An overview of molecular stress response mechanisms in Escherichia coli contributing to survival of Shiga toxin-producing Escherichia coli during raw milk cheese production.

机构信息

Institute for Food Safety and Hygiene, University of Zurich, Winterthurerstrasse 272, 8057 Zürich, Switzerland.

出版信息

J Food Prot. 2011 May;74(5):849-64. doi: 10.4315/0362-028X.JFP-10-469.

Abstract

The ability of foodborne pathogens to survive in certain foods mainly depends on stress response mechanisms. Insight into molecular properties enabling pathogenic bacteria to survive in food is valuable for improvement of the control of pathogens during food processing. Raw milk cheeses are a potential source for human infections with Shiga toxin-producing Escherichia coli (STEC). In this review, we focused on the stress response mechanisms important for allowing STEC to survive raw milk cheese production processes.
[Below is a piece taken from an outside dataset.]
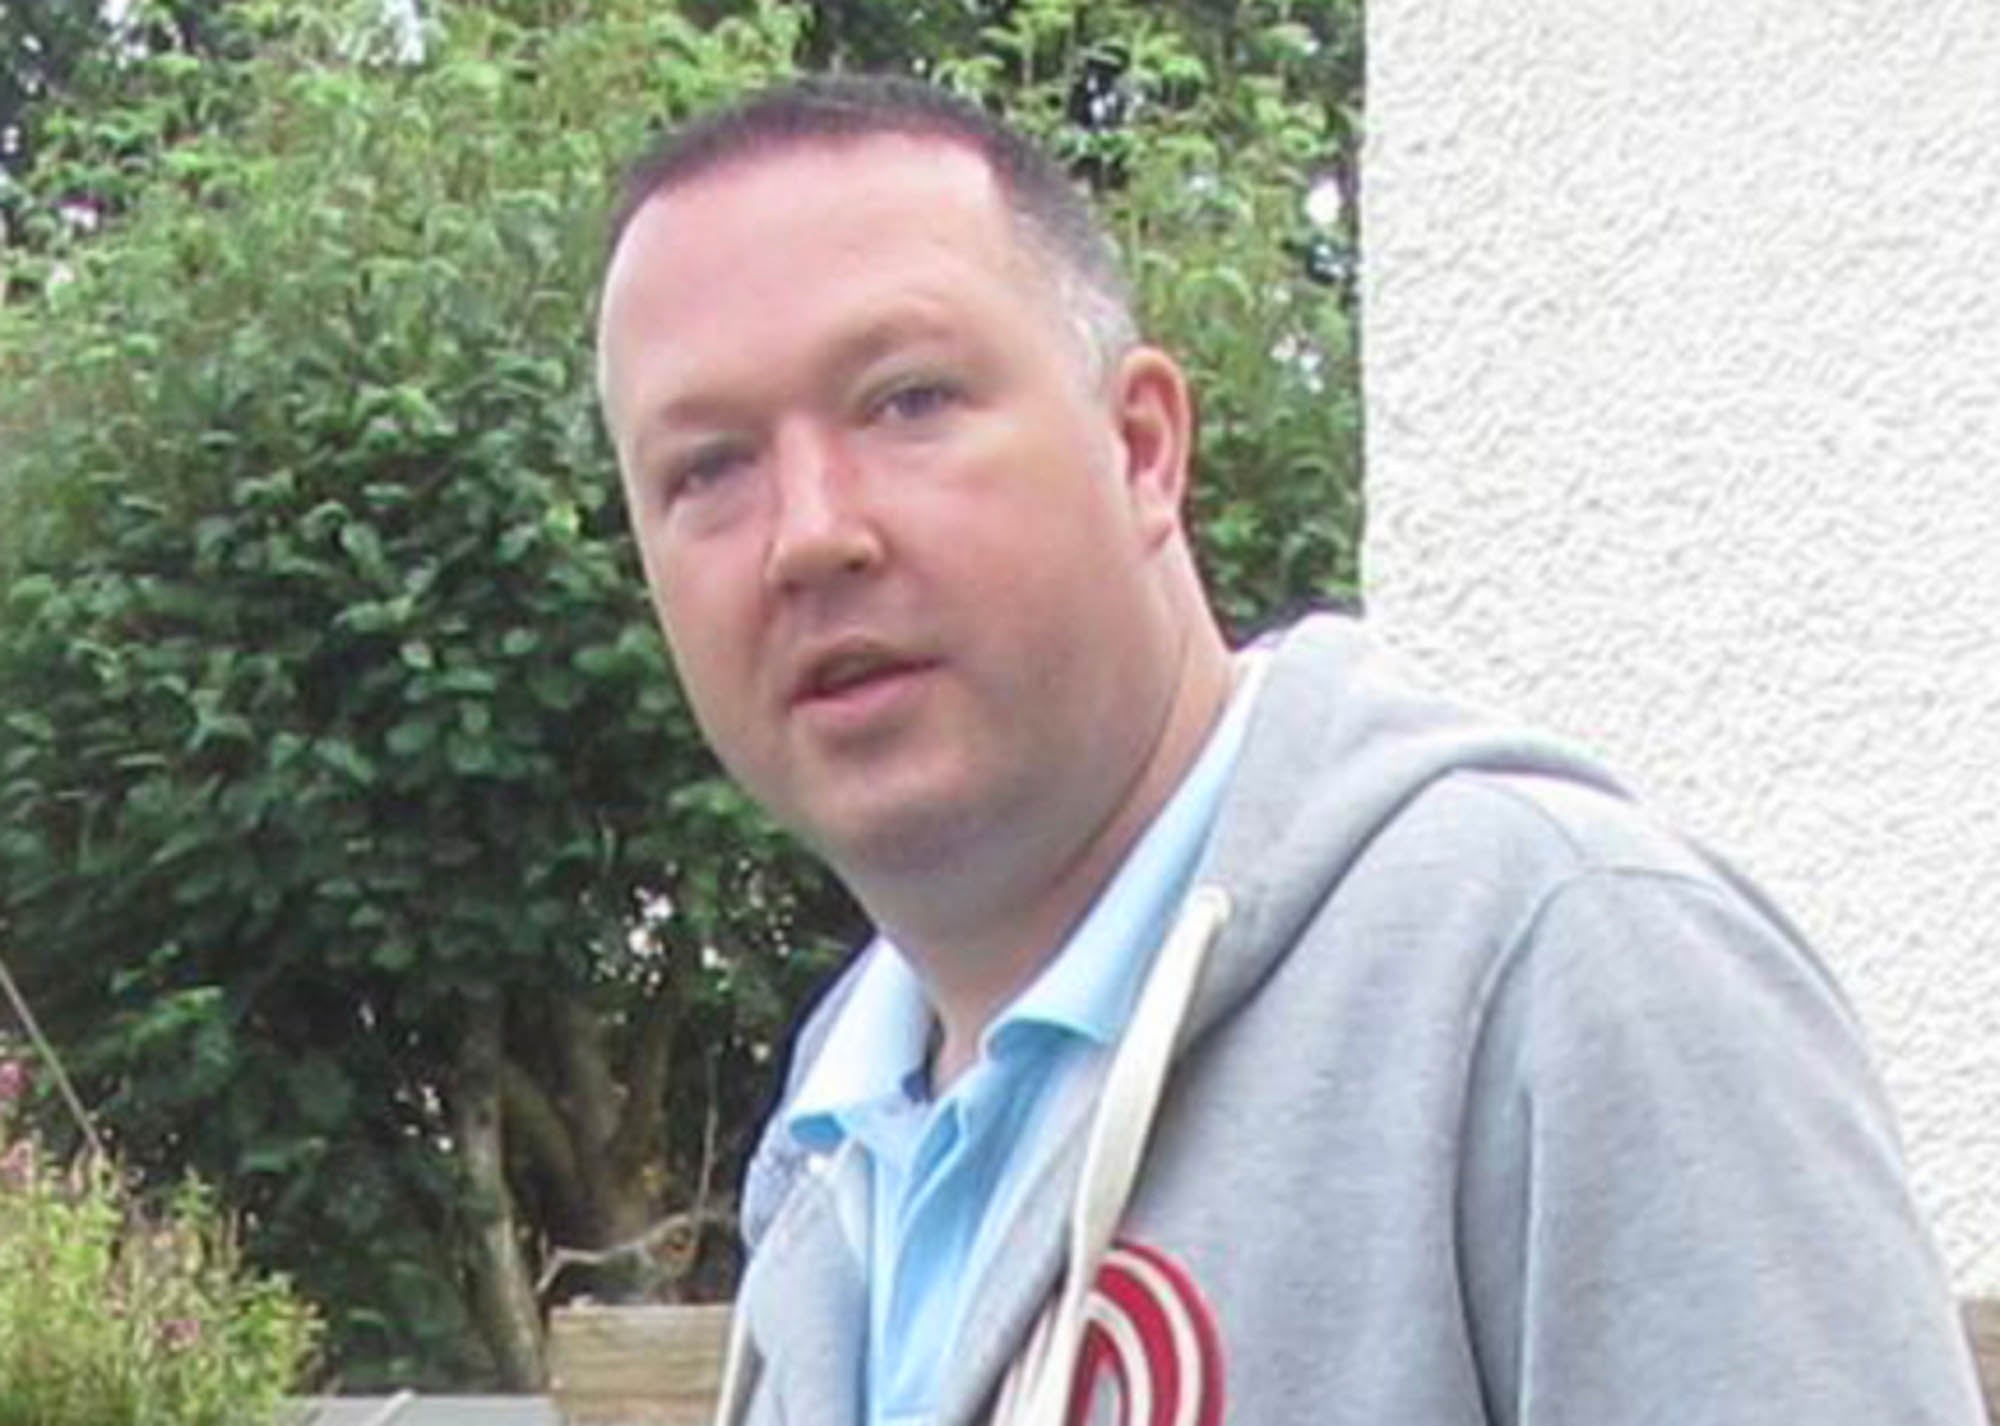 John Dalziel died after a house fire at his home in Paisley in May 2020 (Police Scotland/PA)

The major components and regulation pathways for general, acid, osmotic, and heat shock stress responses in E. coli and the implications of these responses for the survival of STEC in raw milk cheeses are discussed.

摘要

食源性病原体在某些食物中存活的能力主要取决于其应激反应机制。了解使致病菌能够在食品中存活的分子特性对于改进食品加工过程中病原体的控制具有重要意义。生乳奶酪是人感染产志贺毒素大肠杆菌(STEC)的潜在来源。在本综述中,我们重点讨论了允许 STEC 生乳奶酪生产过程中存活的重要应激反应机制。讨论了大肠杆菌中一般、酸、渗透和热休克应激反应的主要成分和调节途径,以及这些反应对 STEC 在生乳奶酪中存活的影响。